# Cancelled litter/importing



## einspänner

Well today I got the disappointing news that my WHV to be will _not_ be. The breeding is cancelled as my breeder's friend who was going to whelp the litter has some health issues to deal with. There aren't any other breeders with unsold/future litters she feels comfortable referring us to, so she contacted Zoldmali kennels in Hungary to work on importing puppies for those of us who are interested. Zoldmali is one of the best kennels for wirehairs and my breeder's connection to them is one of the main reasons I chose her. I don't think I'm guaranteed a spot yet, but if it works out I'll end up getting my V earlier and from the very best Hungary has to offer. Not so bad for a silver lining. This is my first experience with breeders, but I'm impressed with how hard she's working to find me a quality dog when she could just return the deposit and be done with it. 

I know a few of you have imported dogs, but has anyone had a planned breeding cancelled? With all the threads about puppy buying and breeders lately, I think this is an interesting scenario to discuss.


----------



## Vida

*Re: Cancelled litter*

Just a small thought...
Our Hungarian friend who is a vet,says a good pup is rarely sold out of the country :-( It's no garantee of quality just because it comes from Hungary.
Sorry to be negative.
On the up side,if you only want a companion, I've heard good reports on imported dogs that have come into the UK.


----------



## texasred

*Re: Cancelled litter*

If she has faith in her breeder I wouldn't be worried.
If they referr or import for a client, they are putting their on name on the line.
I would just be concerned about the summer heat.
With good reason, most airlines won't fly animals when the temps rise over a certain degree.


----------



## DixiesMom

*Cancelled litter*

I have a friend here in Texas who has a Zoldmali import. I assure you that nice dogs are indeed exported.


----------



## einspänner

*Re: Cancelled litter*

I appreciate the warning, Vida, but some of the top breeders in the US and UK for wirehaired v's have imported from zoldmali and their dogs routinely win in the ring and in the field. I still don't like the idea of a puppy on a trans-Atlantic flight, but my other options are to wait another year or longer for a suitable litter or reconsider getting a smooth vizsla. Not the worst options, but also not ideal. Someone is trying to teach me patience. 

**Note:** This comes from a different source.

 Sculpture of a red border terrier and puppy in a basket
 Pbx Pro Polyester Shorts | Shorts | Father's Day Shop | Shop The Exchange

The summer heat isn't something I'd thought about though. :-\ I'll be sure to ask Zsofi about it when she contacts me. Thanks TR.


----------



## einspänner

*Re: Cancelled litter*

DixiesMom, do you know the sire and dam of your friend's dog? Just curious.


----------



## hobbsy1010

*Re: Cancelled litter*



Vida said:


> Just a small thought...
> Our Hungarian friend who is a vet,says a good pup is rarely sold out of the country :-( It's no garantee of quality just because it comes from Hungary.
> Sorry to be negative.
> On the up side,if you only want a companion, I've heard good reports on imported dogs that have come into the UK.


No guarantee at all Vida, just NEW bloodlines.......

Same old same old doesn't mean quality either.....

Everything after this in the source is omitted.